Selected run_turnrd_modal.py flags (full list: scripts/run_turnrd_modal.py --help):

Flag	Default	Notes
`--rounds`	`5`	numOfRound
`--episodes-per-round`	`40`
`--turnrd-epochs`	`3`	Standalone TurnRD epochs between rounds
`--env-name`	`webshop`	`webshop` or `alfworld` (routes to `train_loop_<env>`)
`--seed`	none	Drives `task_id_offset = seed * rounds * episodes_per_round`
`--carry-policy-across-rounds`	off	Required for TurnRDV2. Round 0 loads SFT; round N≥1 loads previous round's saved adapter.
`--adapter-dir`	`/vol/checkpoints`	Where per-round adapters land
`--eval-episodes`	`50`	0 to skip the held-out pass
`--eval-task-id-base`	`6500`	Disjoint from training slice; ≤6910 for WebShop
`--dry-run`	off	Print the per-round commands only

SFTOnly — single Modal call (no RL)

# WebShop
modal run infra/app_train_loop.py::train_loop_webshop \
  --config /workspace/configs/SFTOnly.json \
  --n-episodes 0 --k 4 --max-turns 6 \
  --task-id-offset $(( 11 * 5 * 40 )) \
  --run-name SFTOnly_seed11 --round-idx 0 \
  --sft-adapter /vol/checkpoints/sft_v3_20260504_154752 \
  --eval-episodes 50 --eval-task-id-base 6500 --gpu-mem-util 0.30

# ALFWorld (max_turns=30, gpu_mem_util=0.30; uses train_loop_alfworld)
modal run infra/app_train_loop.py::train_loop_alfworld \
  --config /workspace/configs/SFTOnly_alfworld.json \
  --n-episodes 0 --k 4 --max-turns 30 \
  --task-id-offset 0 \
  --run-name SFTOnly_alfworld_seed11_round00 --round-idx 0 \
  --sft-adapter /vol/checkpoints/sft_alfworld_v1_<ts> \
  --eval-episodes 50 --eval-task-id-base 6500 --gpu-mem-util 0.30

total_episodes=0 (in SFTOnly.json) makes the train loop skip the RL body and go straight to the held-out eval pass.
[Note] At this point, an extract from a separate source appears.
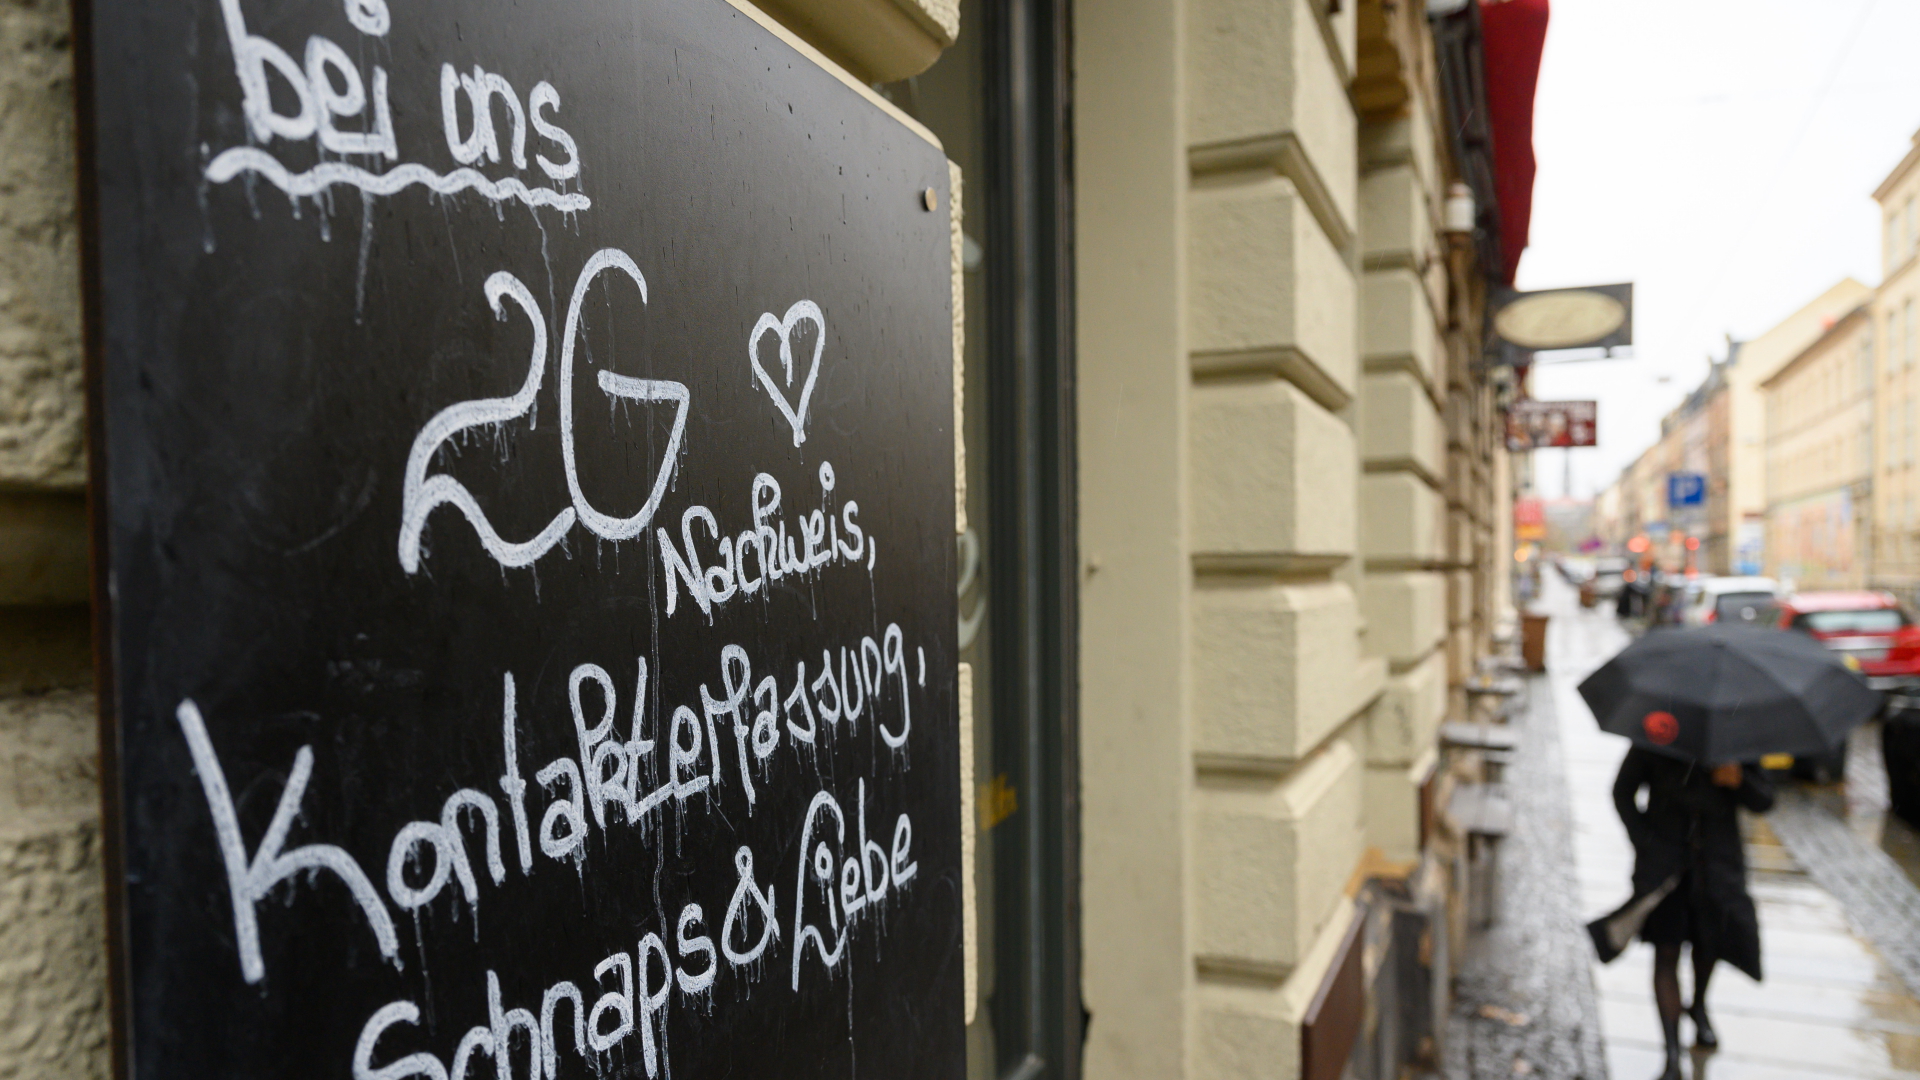 : "Bei uns 2G Nachweis, Kontakterfassung, Schnaps & Liebe" steht auf einem Schild an einer Bar in der Dresdner Neustadt | dpa

flatGRPO / Progressive / LLMJudge — per-round Modal loop

WebShop:

SEED=11; ROUNDS=5; EPS=40
for r in $(seq 0 $((ROUNDS-1))); do
  OFFSET=$(( SEED * ROUNDS * EPS + r * EPS ))
  modal run infra/app_train_loop.py::train_loop_webshop \
    --config /workspace/configs/Progressive.json \
    --n-episodes ${EPS} --k 4 --max-turns 6 \
    --task-id-offset ${OFFSET} \
    --run-name Progressive_seed${SEED}_round$(printf '%02d' $r) \
    --round-idx ${r} \
    --sft-adapter /vol/checkpoints/sft_v3_20260504_154752 \
    --eval-episodes 50 --eval-task-id-base 6500 --gpu-mem-util 0.30
done

Replace Progressive.json with flatGRPO.json or LLMJudge.json for the other two. (LLMJudge requires the openai-secret Modal Secret provisioned in setup step 4.)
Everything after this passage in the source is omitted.